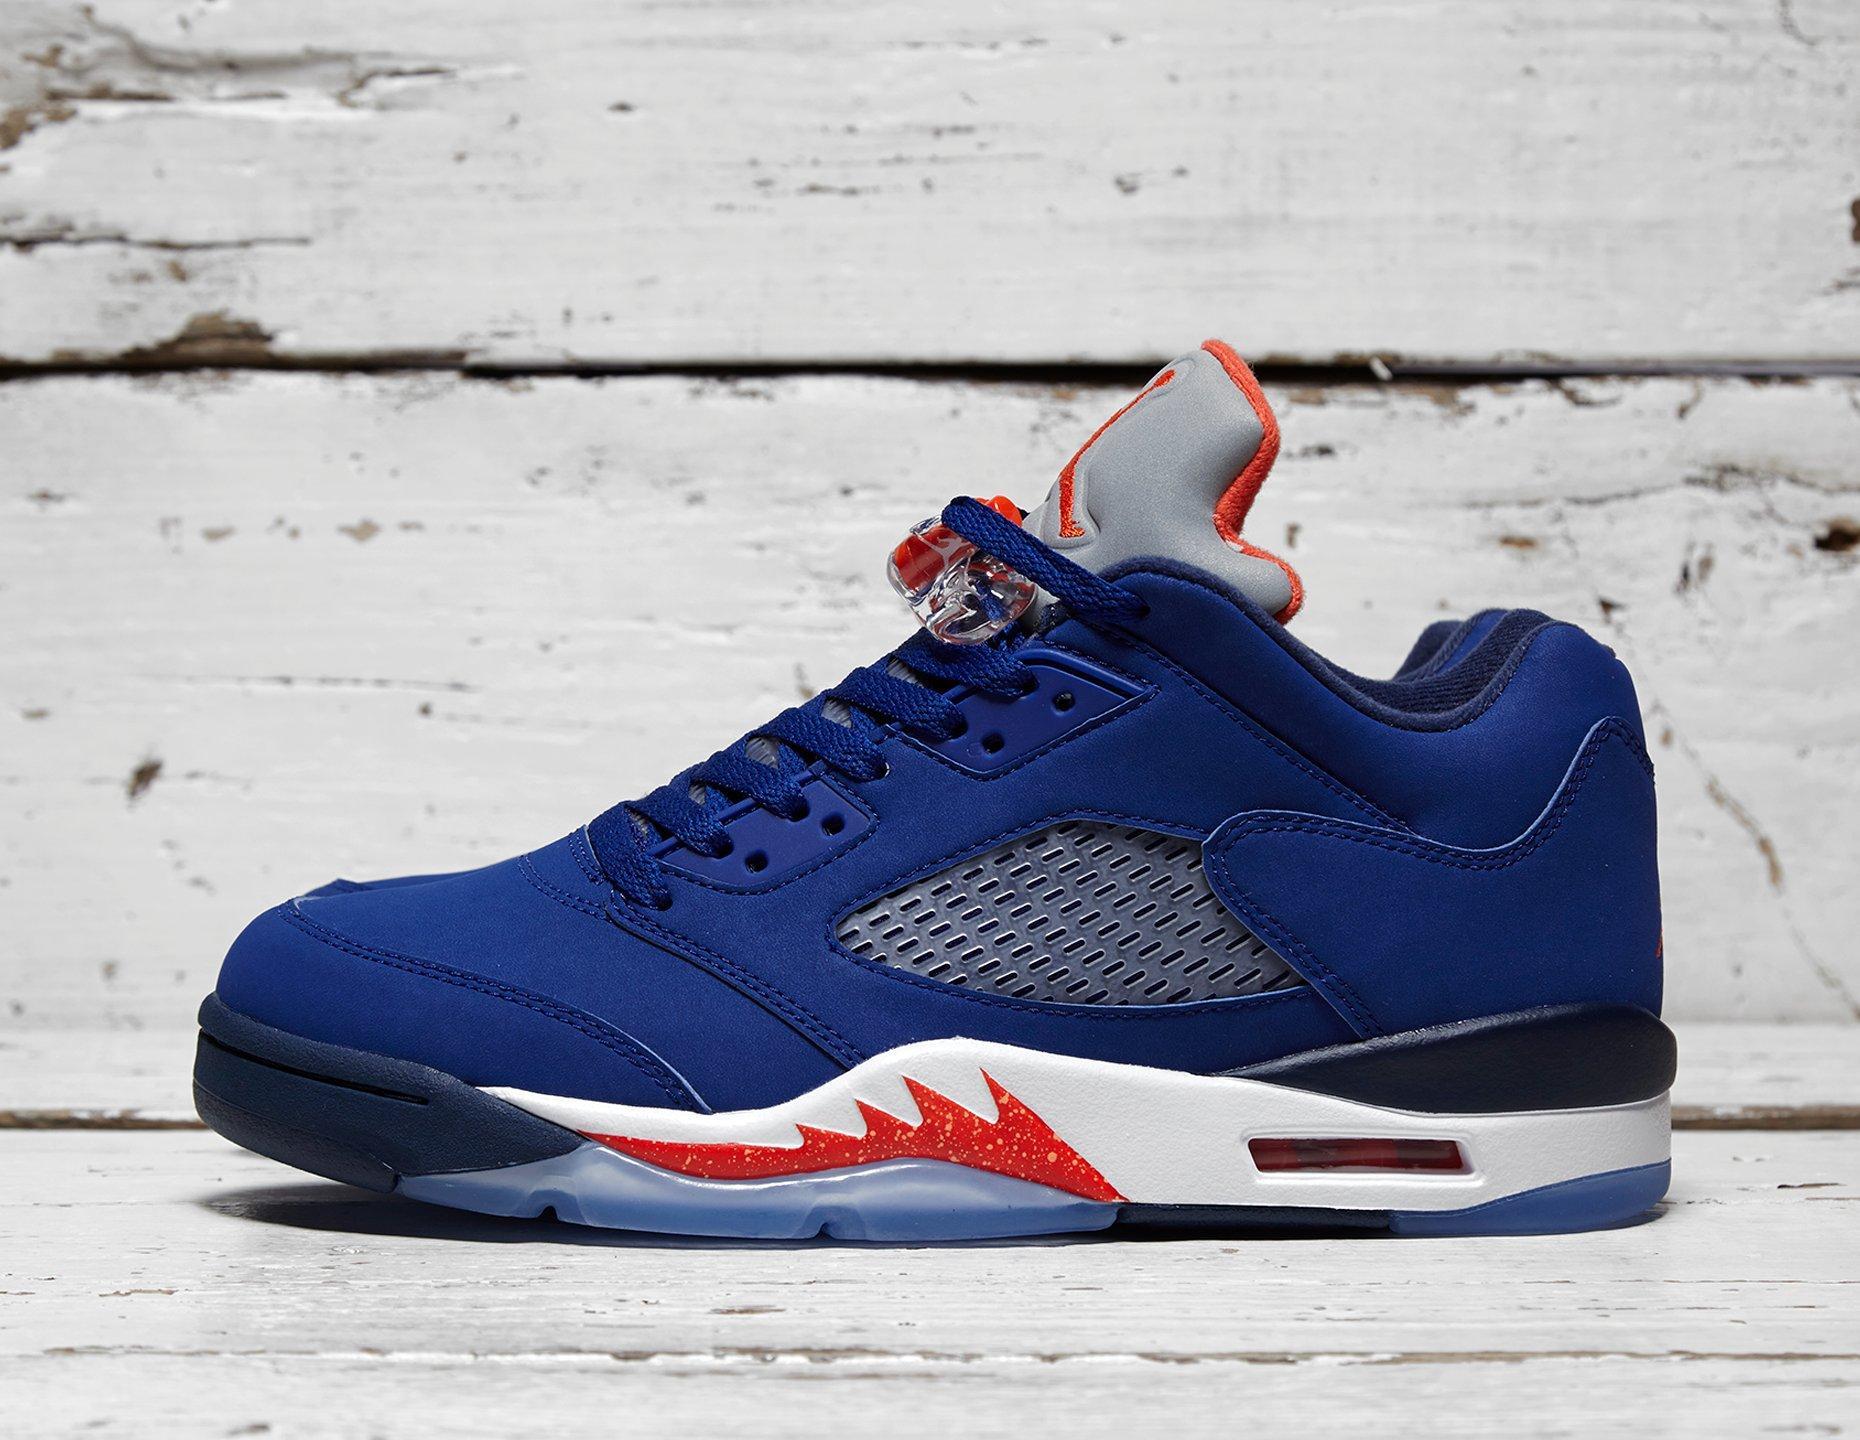 Mens Jordan 5 Low 'Knicks' - Blue/Orange/White, Blue/Orange/White - photo 1/1
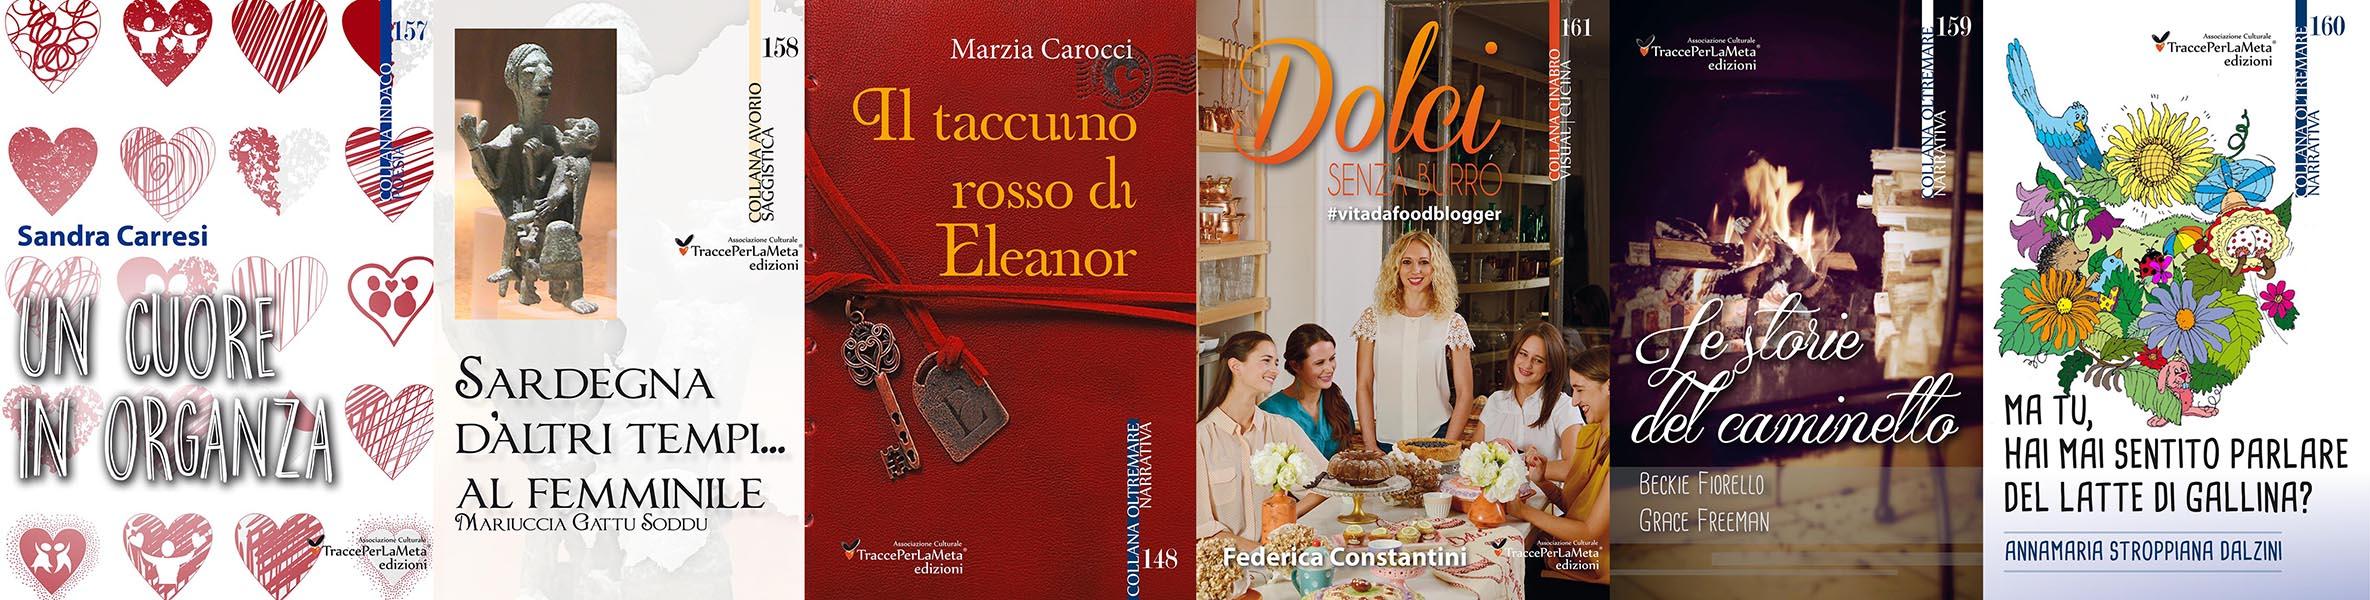 Libri in uscita a novembre 2015 di TraccePerLaMeta Edizioni
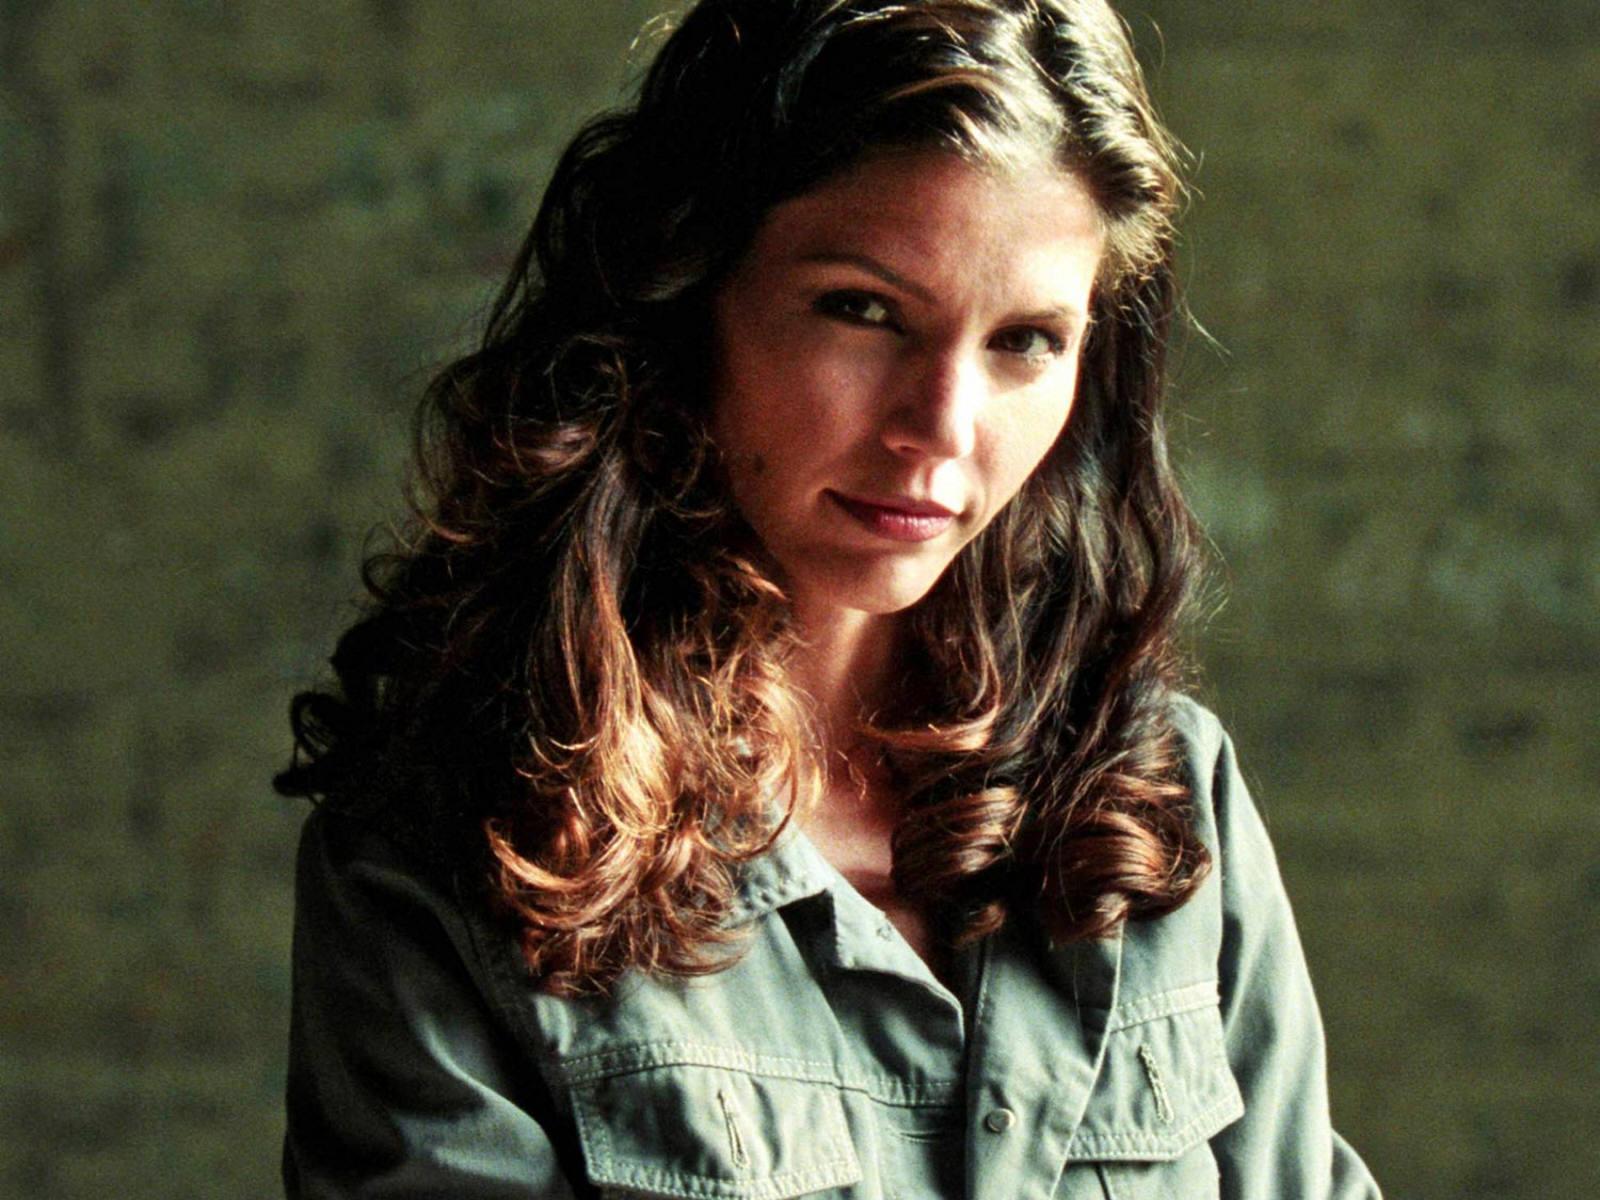 Poze Charisma Carpenter - Actor - Poza 54 din 167 ...
________________________________________
All the lines above are to be given again exactly as they read, with the pictures removed.

 Mens Jordan 5 Low 'Knicks' - Blue/Orange/White, Blue/Orange/White - photo 1/1
 Libri in uscita a novembre 2015 di TraccePerLaMeta Edizioni
 Poze Charisma Carpenter - Actor - Poza 54 din 167 ...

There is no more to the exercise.